Hi guys, I have a big and urgent problem. I need a webserver for my machine. I have setup nginx, php and other stuff that I need but I have a big problem, I cant find on internet how can I setup custom nameservers to point on my domain. For example:

ns1.mydomain.com - 77.77.77.77
ns2.mydomain.com - 77.77.77.78

How may I do that ?

Thanks


----------



## SirDice (May 4, 2017)

Find a provider that can register and host the domain for you.


----------



## obsigna (May 4, 2017)

Usually the entity which registered your domain name, either a domain hosting service or a domain name registrar, offers facilities where you can add the various records for your domain name.
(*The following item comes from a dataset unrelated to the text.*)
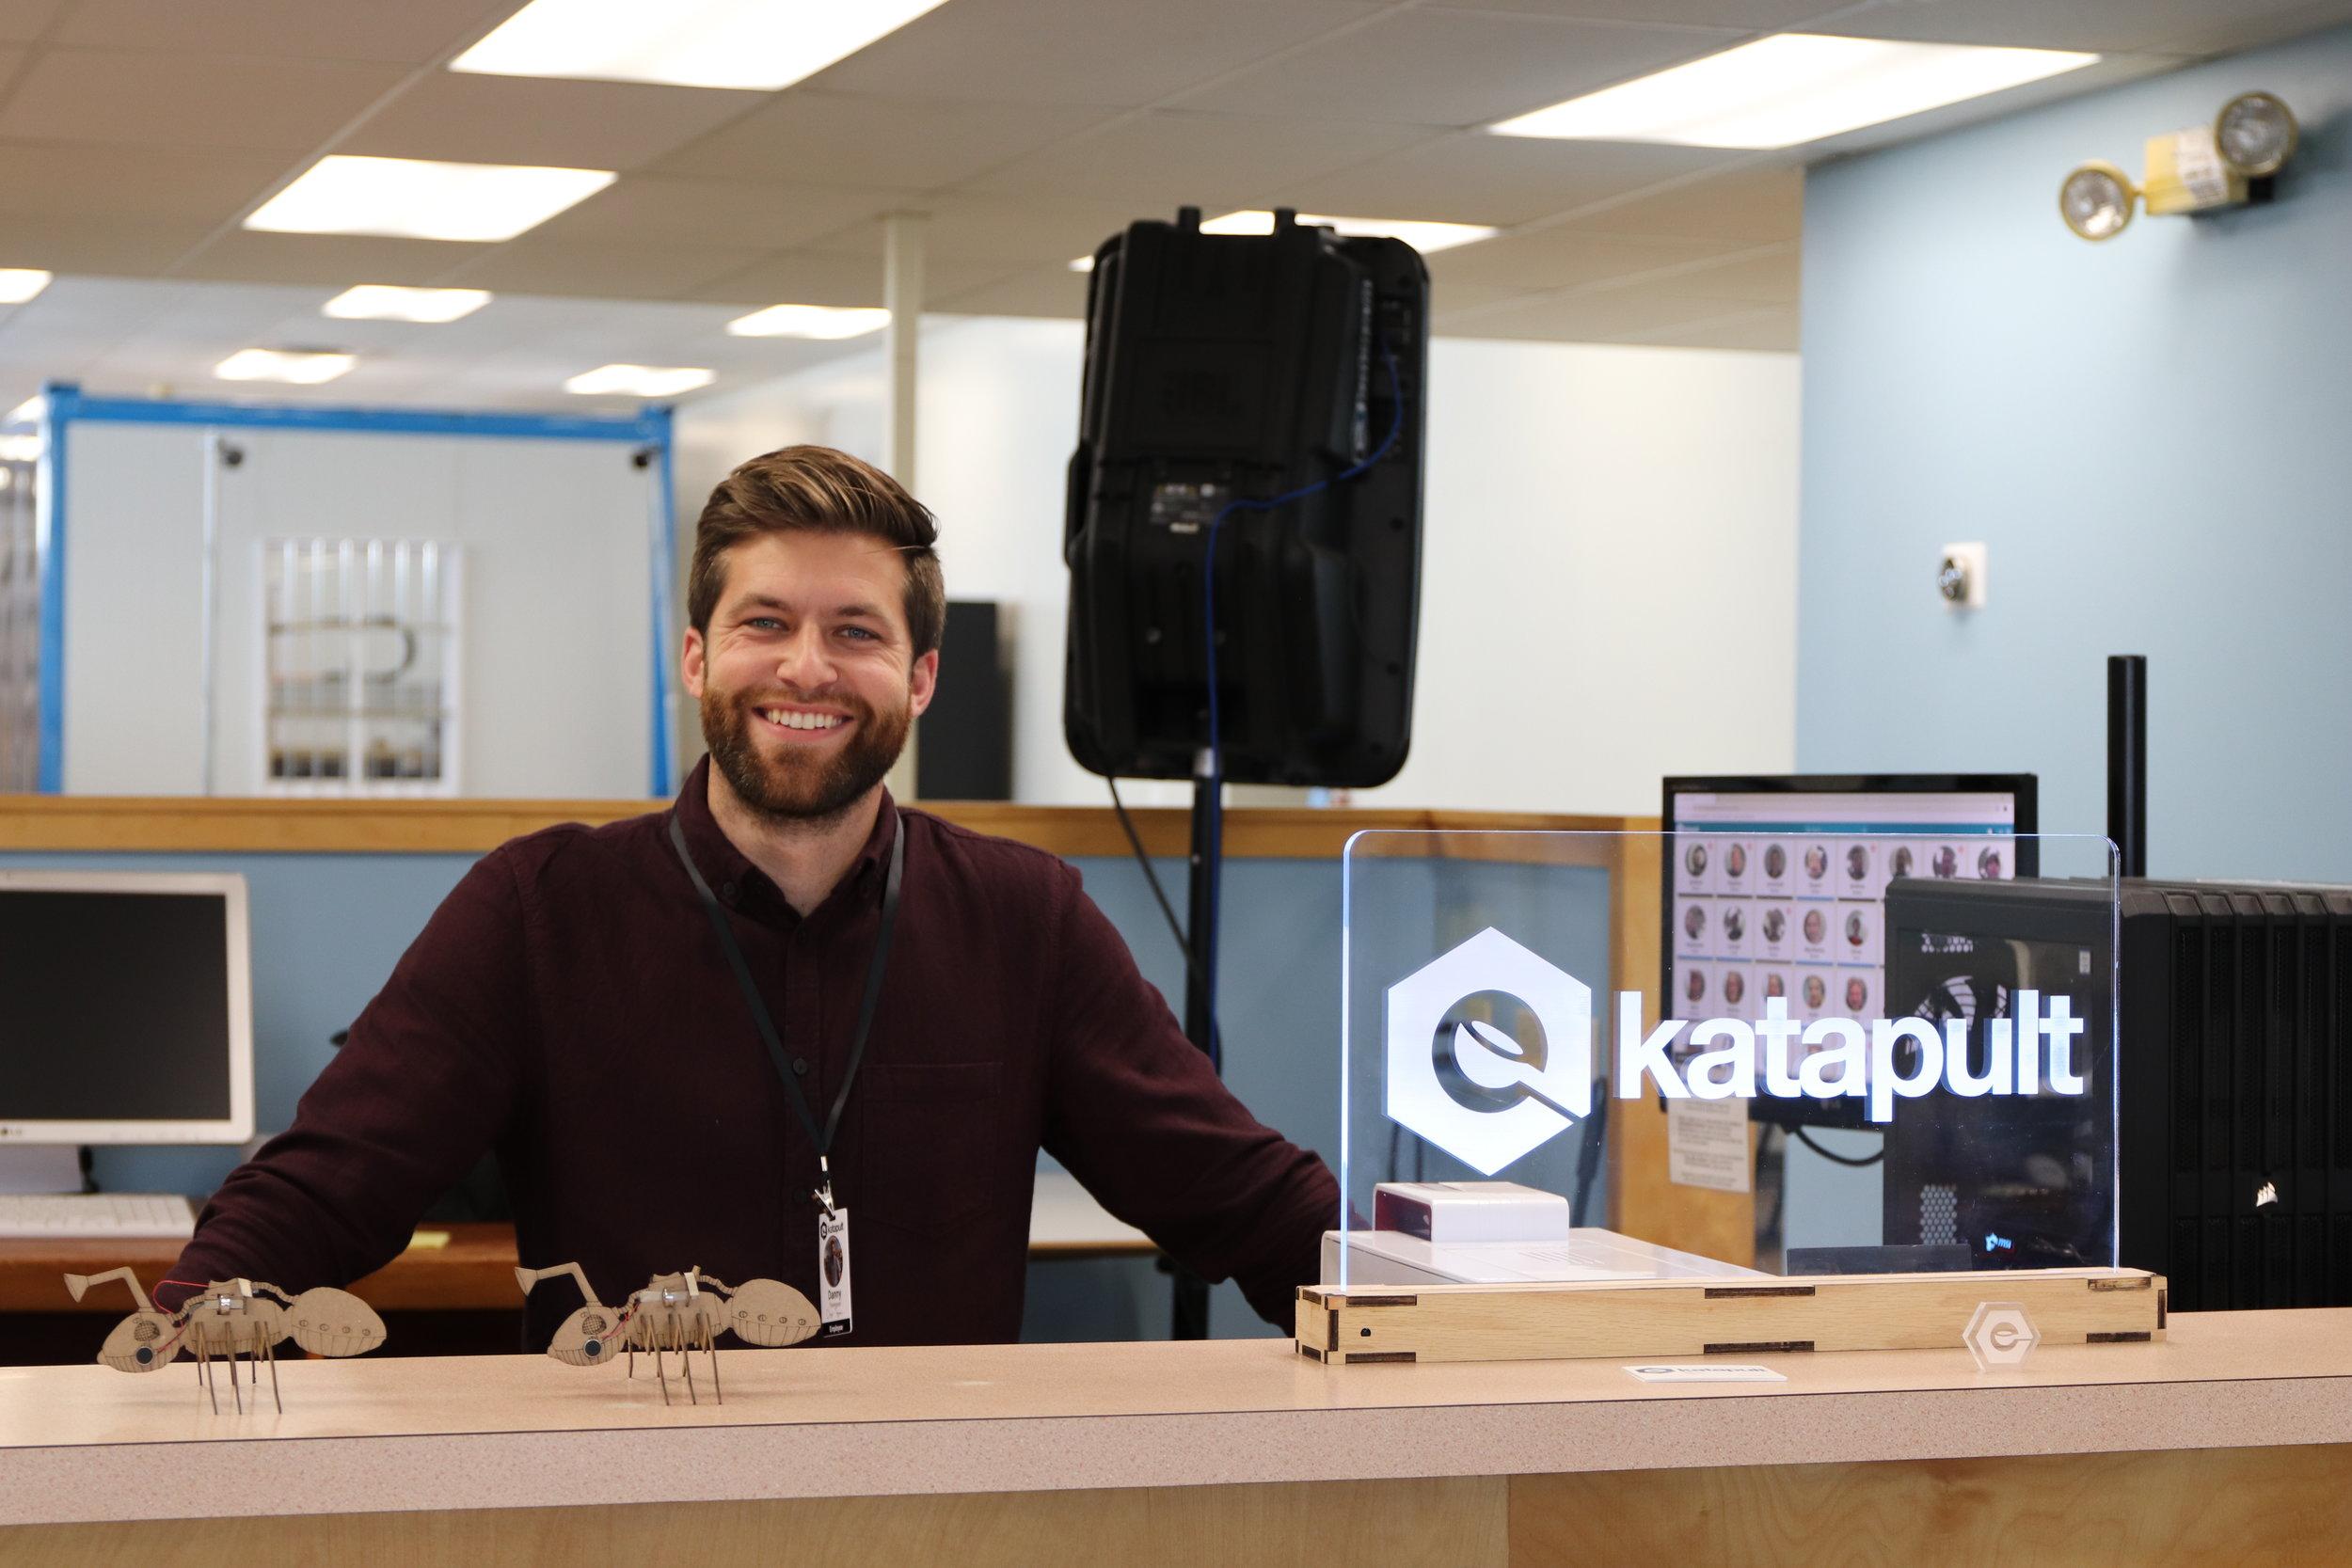 director of KatapultLabs Libratory, Danny Thompson

Login at the respective web site and look for something like DNS administration.


----------



## MateiIrinel (May 4, 2017)

No, I think you didnt understand, I can use my domain name to create namservers, but for the serverside, I dont need to do nothing? Setup BIND or something ?

Thanks


----------



## Jeckt (May 4, 2017)

The domain registrar controls how your domain name resolution is handled.  Either they directly host the DNS records, or use glue records pointing to a nameserver.  Many hosting providers can do this separately for you, otherwise you need to set up a DNS nameserver yourself. If the registrar isn't doing it directly, they still control the configuration for doing it elsewhere.


----------



## SirDice (May 5, 2017)

MateiIrinel said:


> No, I think you didnt understand, I can use my domain name to create namservers, but for the serverside, I dont need to do nothing? Setup BIND or something ?


If you have to ask this question then I strongly urge you to host the domain at a provider. It's extremely easy to set up a bad DNS and I'm sure you don't want to end up facilitating the bad guys by being a DDoS amplifier.


----------